Harrison's 241 & 242 Atherosclerosis Flashcards
Among the most firmly established & best understood risk factors for atherosclerosis:
Abnormalities in plasma lipoproteins & derangements in lipid metabolism!
The intensity of treatment for lipid disorders is determined by…
…an individual’s risk!
What is the first step to achieving LDL goals?
TLC, or therapeutic lifestyle changes! Specific diet & exercise recommendations established by guidelines
Is aggressive LDL management worth it?
YES! An extensive & growing body of rigorous evidence now supports the effectiveness of aggressive management of LDL.
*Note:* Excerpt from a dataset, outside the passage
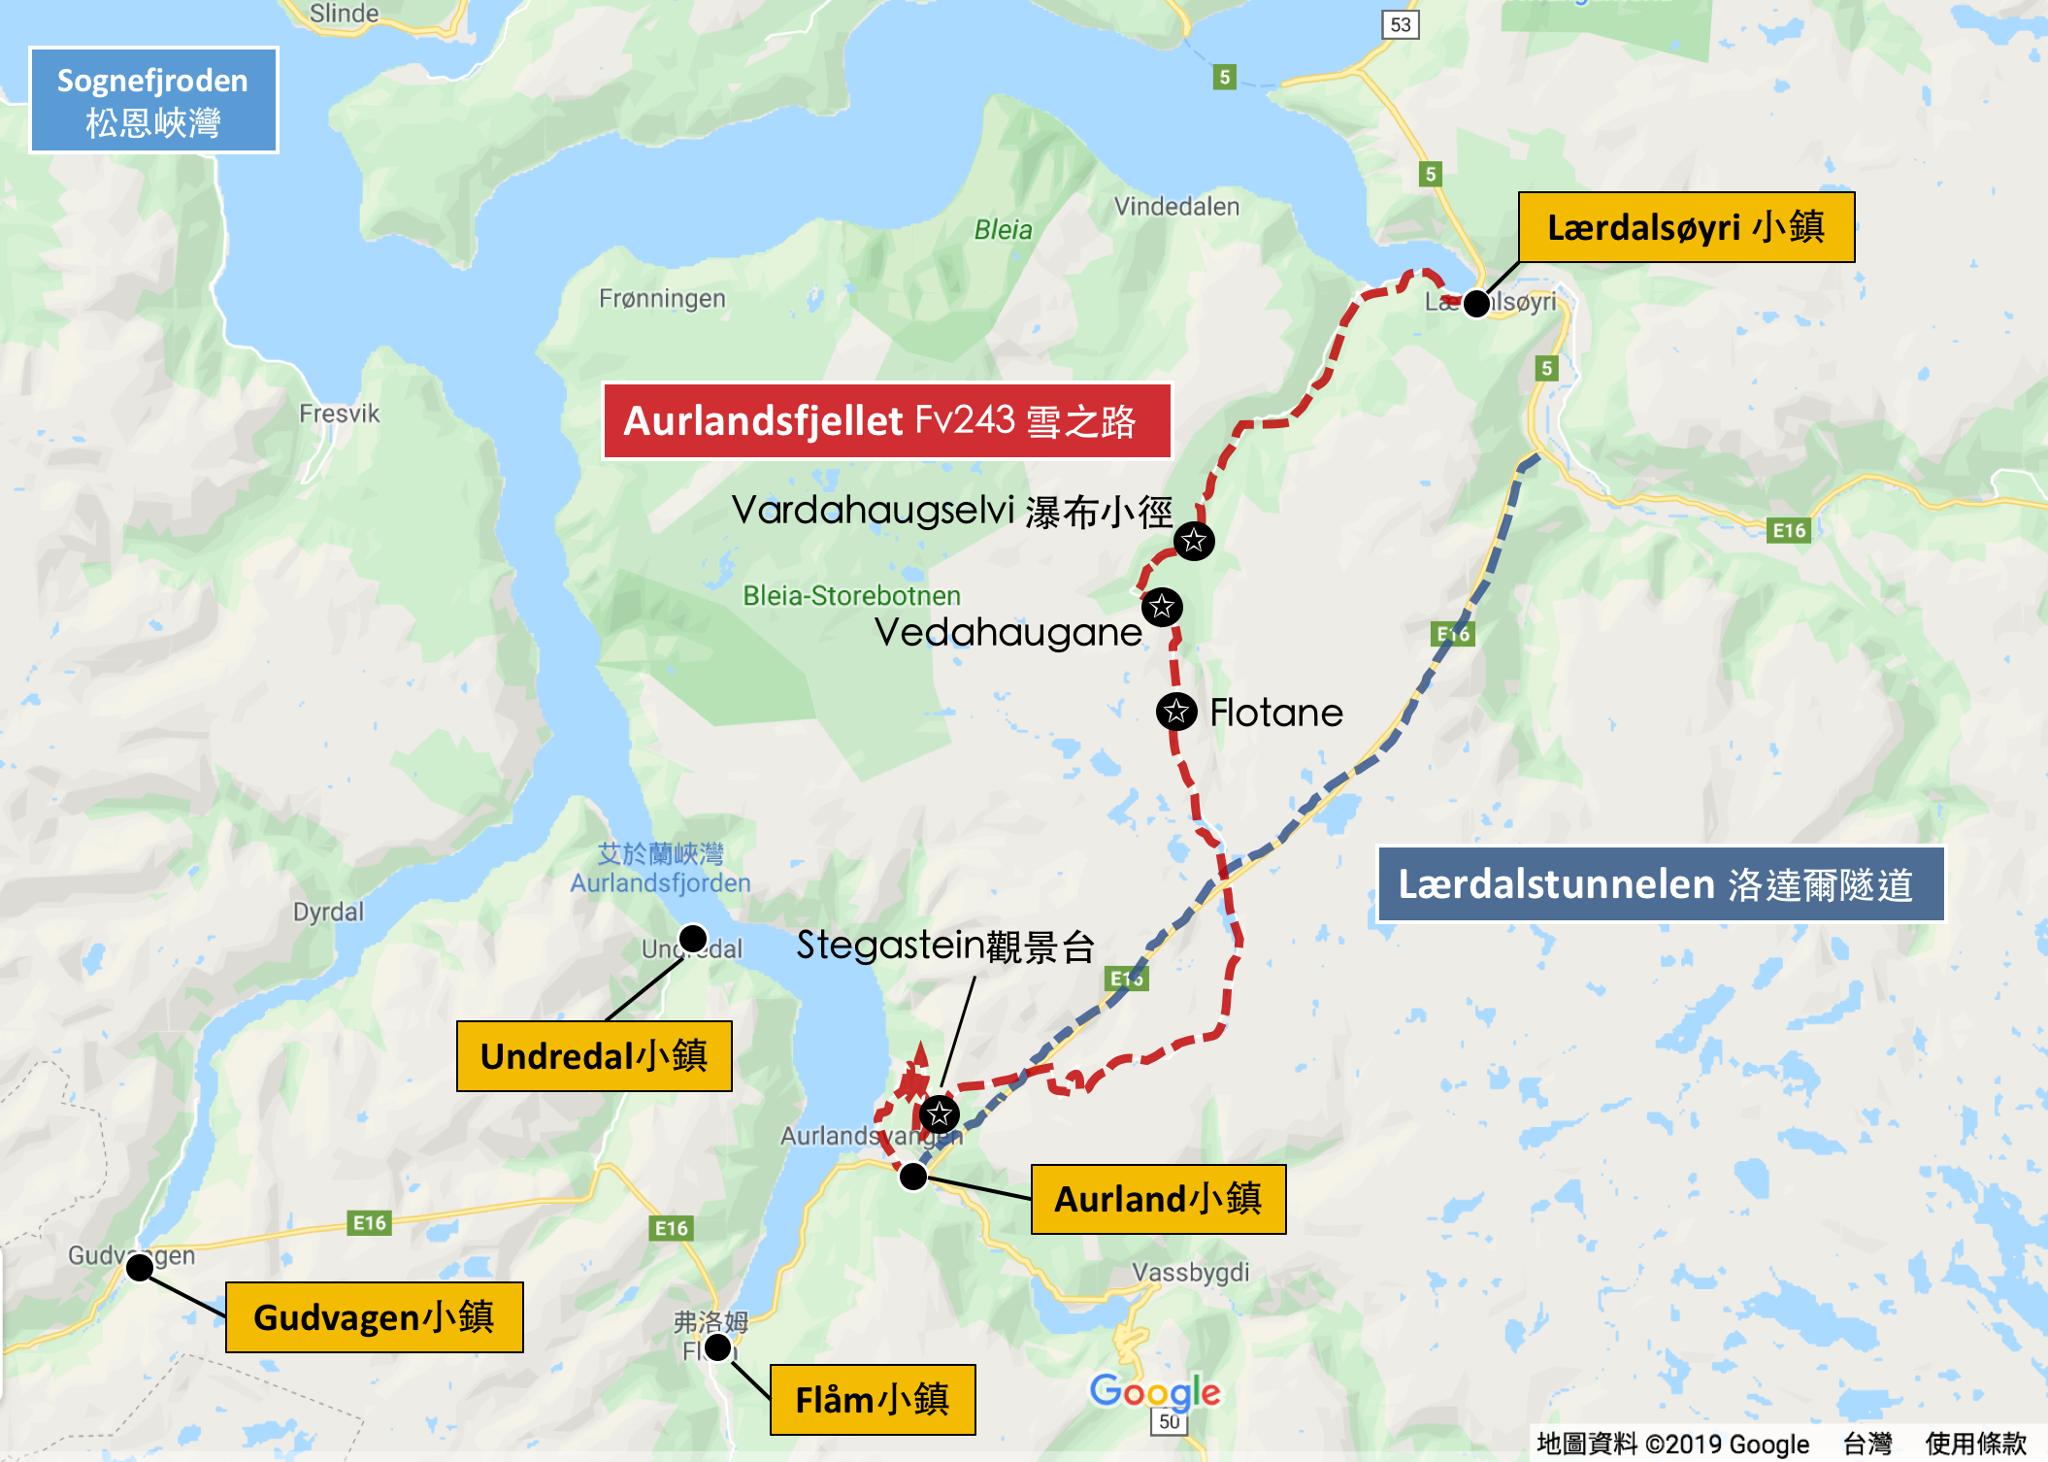 【北歐景點】世界最美景觀公路 - 俯瞰挪威松恩峽灣的 Fv243 雪之路 (Aurlandsfjellet) 2

Very simple: lowering lipids…
…reduces coronary events!
Most patients with diabetes die of…
…atherosclerosis & its complications.
What ultimately causes the gravest complications of atherosclerosis?
THROMBOSIS.
List some MAJOR risk factors that modify LDL goals in a patient
#Smoking #Hypertension (>140/90 or on anti-hypertensive) #Low HDL (< 40 mg/dL) #Diabetes #Family hx of premature CHD (male 1º relative <65 yr) #Age (men ≥ 45, women ≥ 55) #Obesity #Physical inactivity #Atherogenic diet
List some EMERGING risk factors that modify LDL goals in a patient
#Lipoprotien(a) #Homocysteine #Prothrombotic factors #Proinflammatory factors #Impaired fasting glucose #Subclinical atherosclerosis
What are the LDL cholesterol goals for very high risk patients (known ACS, CHD w/ DM, or multiple risk factors)?
Goal < 1.8 (< 70)
Initiate TLC: ≥70
Consider drug therapy: ≥ 70
What are the LDL cholesterol goals for high risk patients ( CHD or CHD risk equivalents, 10 yr risk > 20%)?
Goal: < 2.6 (< 100)
Initiate TLC: ≥ 100
Consider drug therapy: ≥ 100
If LDL in these patients is < 100, may consider optional goal of 70
What are the LDL cholesterol goals for moderately high risk patients (2+ risk factors; 10 yr risk 10-20%)?
Goal < 2.6 (< 100)
Initiate TLC: ≥ 130
Consider drug therapy ≥ 130
What are the LDL cholesterol goals for moderate risk factor patients (2+ risk factors, risk < 10%)?
Goal < 3.4 (< 130)
Initiate TLC: ≥ 130
Consider drug therapy: ≥ 160
What are the LDL cholesterol goals for low risk patients (none or 1 risk factor)?
Goal < 4.1 ( < 160)
Initiate TLC: ≥ 160
Consider drug therapy: ≥ 190
What are the defining factors of metabolic syndrome?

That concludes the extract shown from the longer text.